At the storage engine level, the building of CCIs enables the atomicity of committed transaction and ensures that transaction-level consistent data can be queried.
Service types
With the introduction of the columnar, PolarDB-X provides an additional service type apart from primary instances and read-only instances. This added service type is known as read-only column store instances.
Primary Instance: By default, the primary instance allows you to query only row-oriented data. However, when combined with read-only instances, the endpoint of the primary instance enables transparent and strongly consistent read-write splitting. The primary instance retains the ability to directly query column-oriented data. The intelligent routing and hybrid row-column query capabilities will be available in the future.
Read-only instance: Read-only instances allow you to query row-oriented read-only data and CCI data. Read-only instances have dedicated read-only endpoints. Applications can establish separate connections to these read-only endpoints to perform read operations. By connecting to these read-only endpoints, applications can independently manage read and write operations.
Read-only column store instance: Read-only column store instances allow you to query only CCI data. The instances have dedicated read-only endpoints. Applications can establish separate connections to these read-only endpoints to perform read operations. The instances consist only of CNs and are more cost-effective.
Scenarios
The CCI feature of PolarDB-X provides a one-stop HTAP solution and can be used in various business scenarios.
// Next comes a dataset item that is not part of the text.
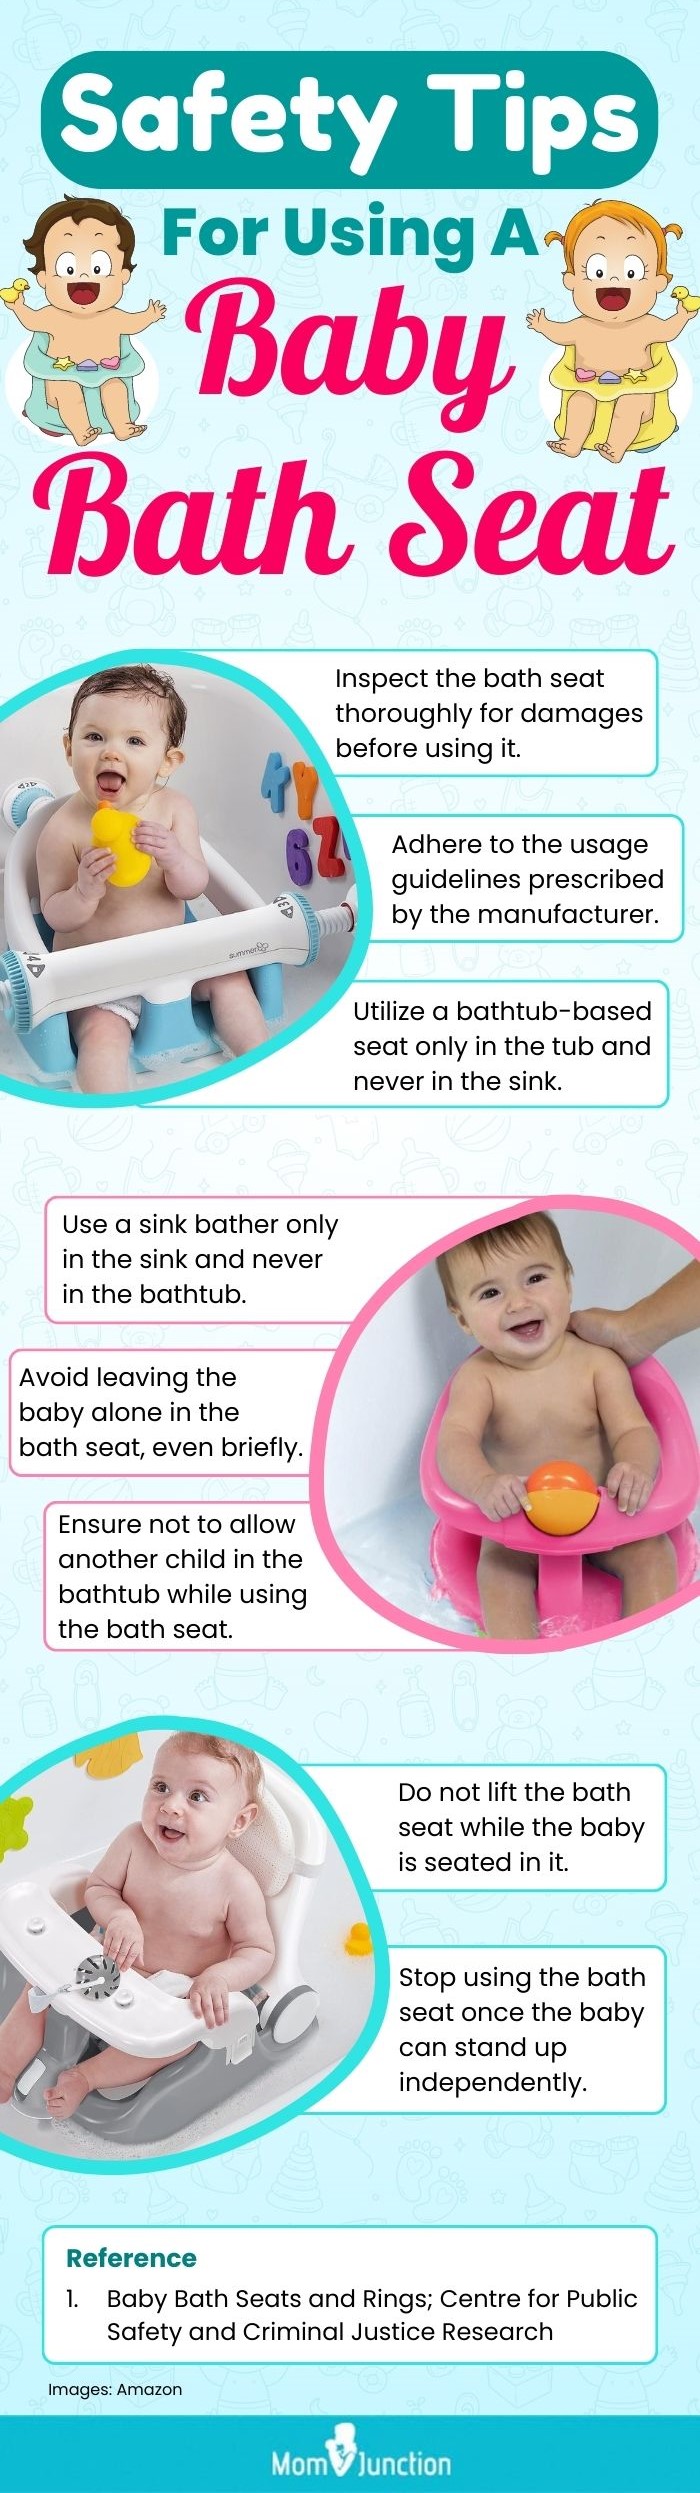 https://cdn2.momjunction.com/wp-content/uploads/2021/09/Safety-Tips-For-Using-A-Baby-Bath-Seat.jpg

Scenarios that require the real-time analysis of online data within seconds, such as real-time report business.
Data warehousing scenarios that depend on the large volume data storage capacity of PolarDB-X to aggregate multiple upstream data sources and use PolarDB-X as the dedicated data warehouse.
ETL-faced computing scenarios that depend on the powerful and flexible computing capabilities of CCIs of PolarDB-X.
The CCI feature of PolarDB-X meets the requirements of scenarios that involve TP and AP, and provides a transparent and cost-effective HTAP solution based on OSS and intelligent routing technology.